Exactly as when I plant a bushel of potatoes, I get back thirty or forty bushels,
and more in proportion to the attention I give the growing crop. If I give more to
my employer than he expects of me, he will give me a raise—and on no other
condition. What is more, his giving me a raise does not depend on his fair-
mindedness-—he has to give it to me or lose me, because if he does not
appreciate me somebody else will.

"But this is only part of it. If I give help to the man whose desk is next to mine, it
will come back to me multiplied, even if he apparently is a rival. What I give to
him, I give to the firm, and the firm will value it, because it is teamwork in the
organization that the firm primarily wants, not brilliant individual performance. If
my boss is unappreciative, the same rule holds; if I give him more, in advance
of appreciation, he cannot withhold his appreciation and keep his own job.
"The more you think about this law, the deeper you will see it goes. It literally
hands you a blank check, signed by the Maker of Universal Law, and leaves
you to fill in the amount—and the kind—of payment you want! Mediocre
successes are those that obey this law a little way—that fill in the check with a
small amount—but that stop short of big vision in it.

"Now why am I so sure of this law? How can you be sure? I have watched it
work; it works everywhere. You have only to try it, and keep on trying it and it
will prove true for you. It is not true because I say so, nor because anybody else
says so; it is just true.

"Eastern religions call it the law of Karma; humanitarians call it the law of
Service; business men call it the law of Common Sense; Jesus Christ called it
the law of Love. It rules whether I know it or not, whether I believe it or not,
whether I defy it or not.
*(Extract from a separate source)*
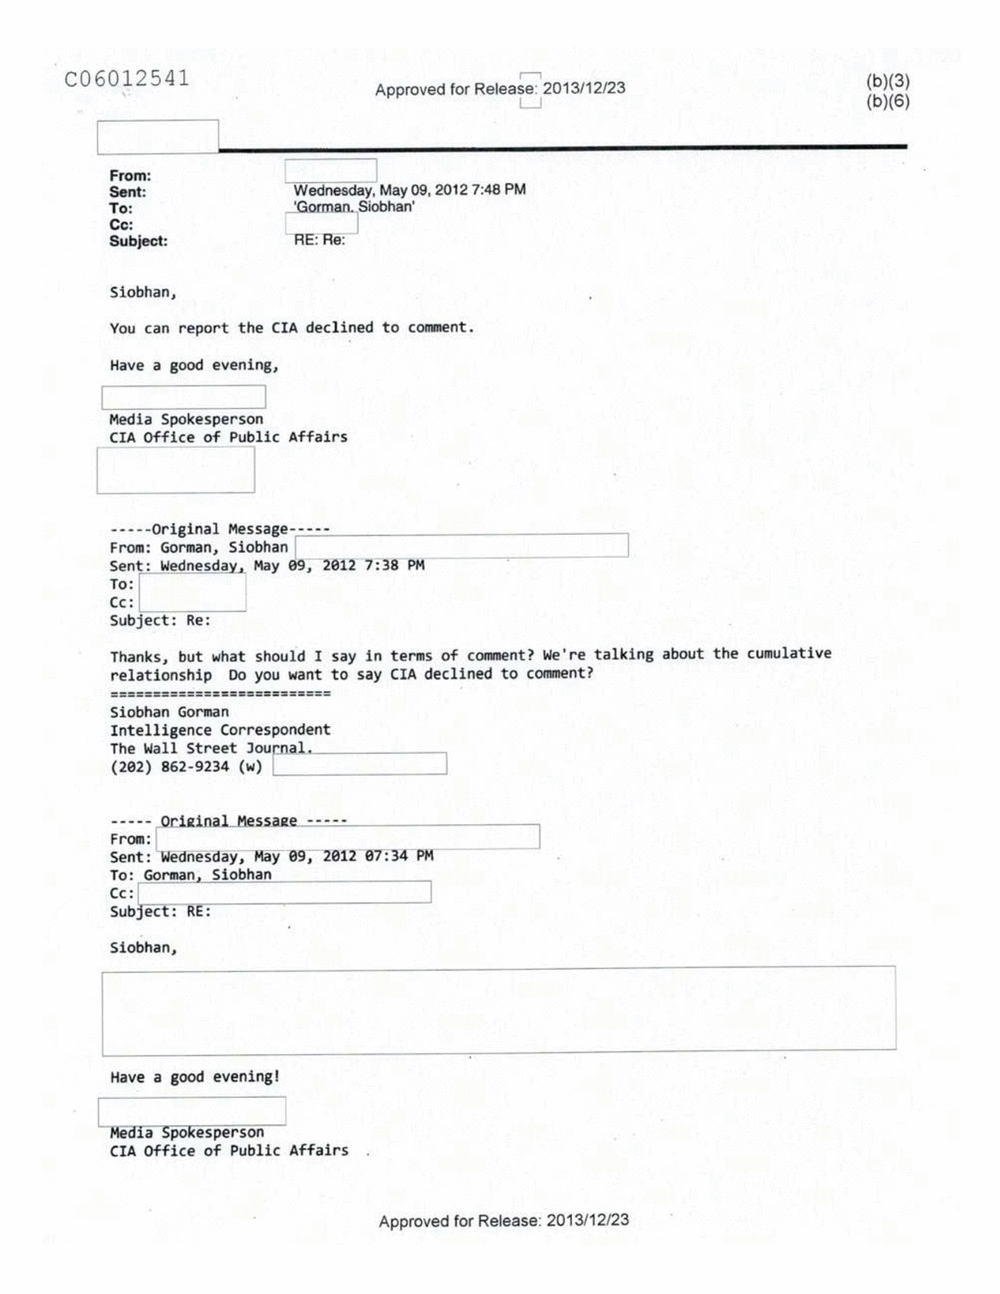 Page 73 from Email Correspondence Between Reporters and CIA Flacks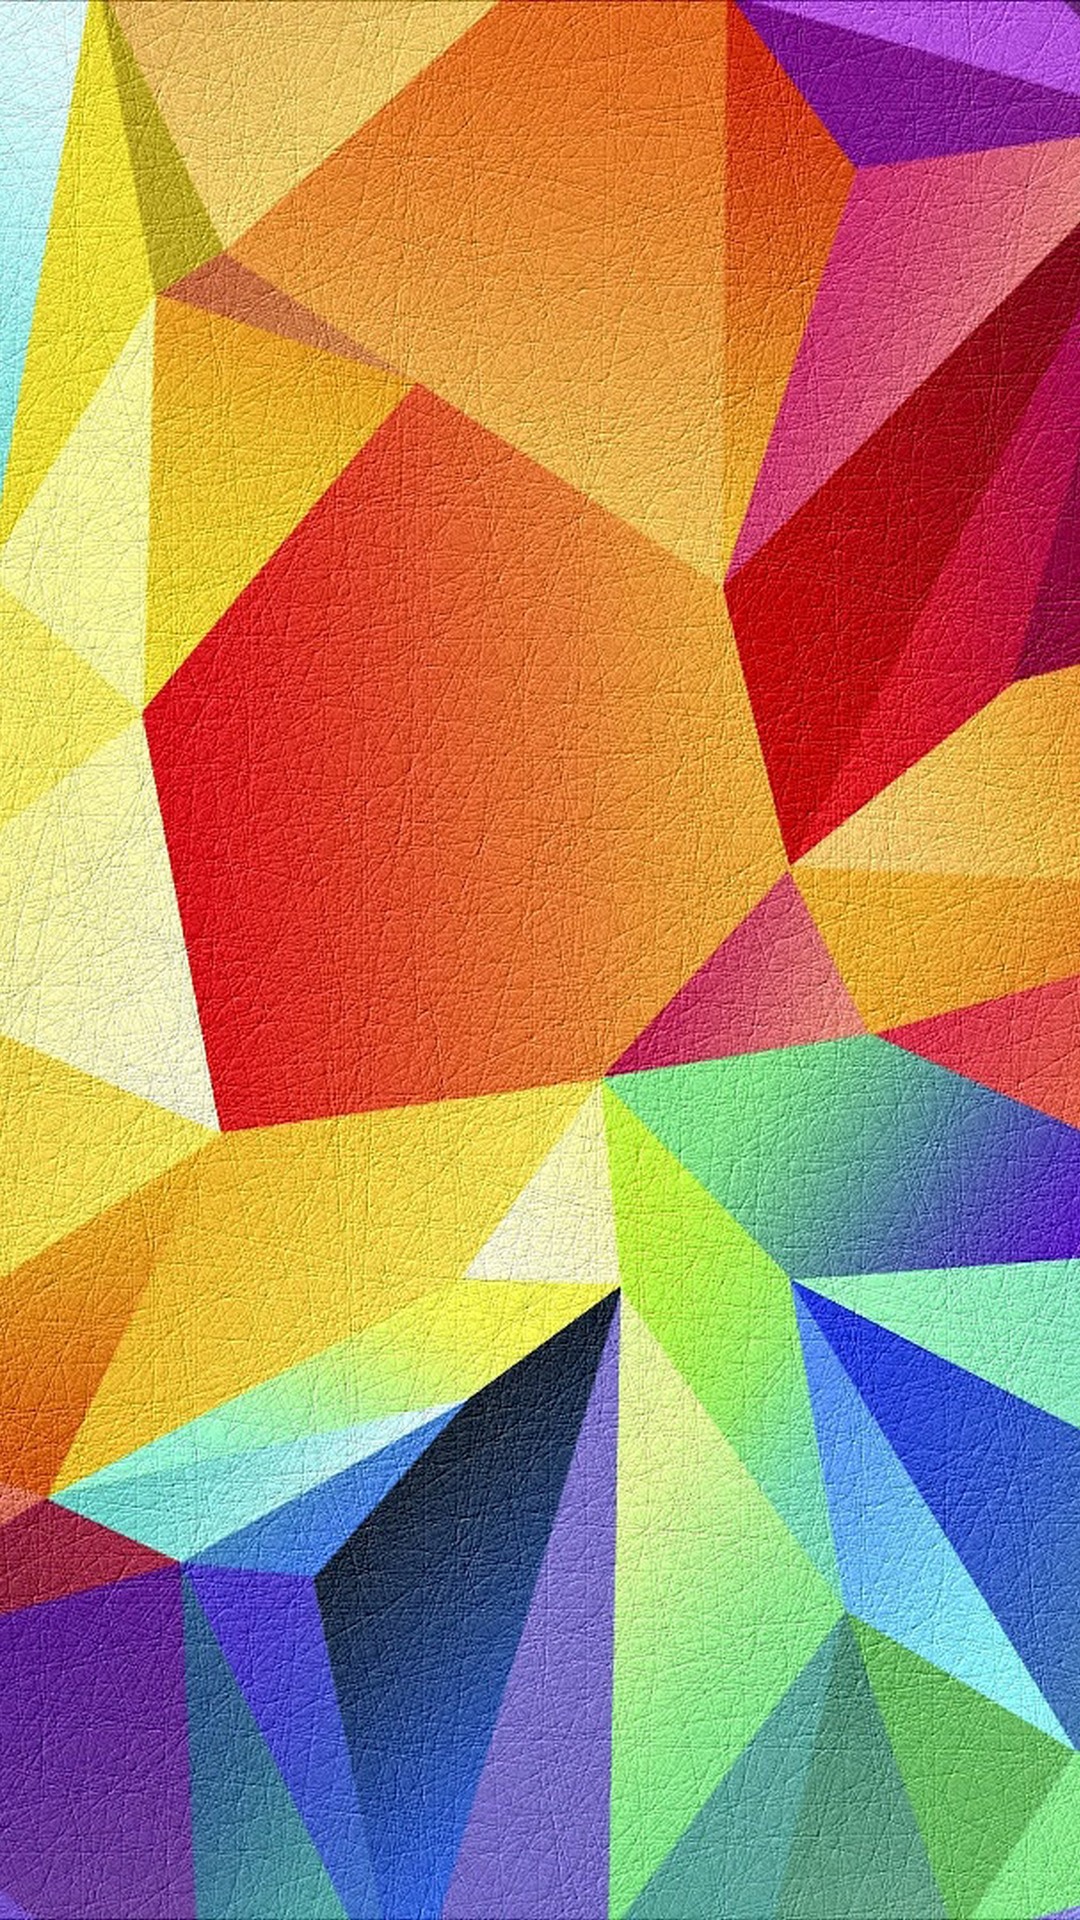 Geometric Shapes Colorful Patterns 2020 Wallpapers

I can't break it!

Jesus of Nazareth, without consideration as to whether He was or was not


divine, was the greatest business man that ever lived, and He said; Give and ye
shall receive—good measure, pressed down, shaken together, running over!
And this happens to be so—not because He said it—not because God Himself
said it—but because it is the Truth."

Begin your partnership with the God within you in the service of your fellow man
and you will never look back. Lack will become a thing of the past once you
discover the joy of WORKING WITH GOD.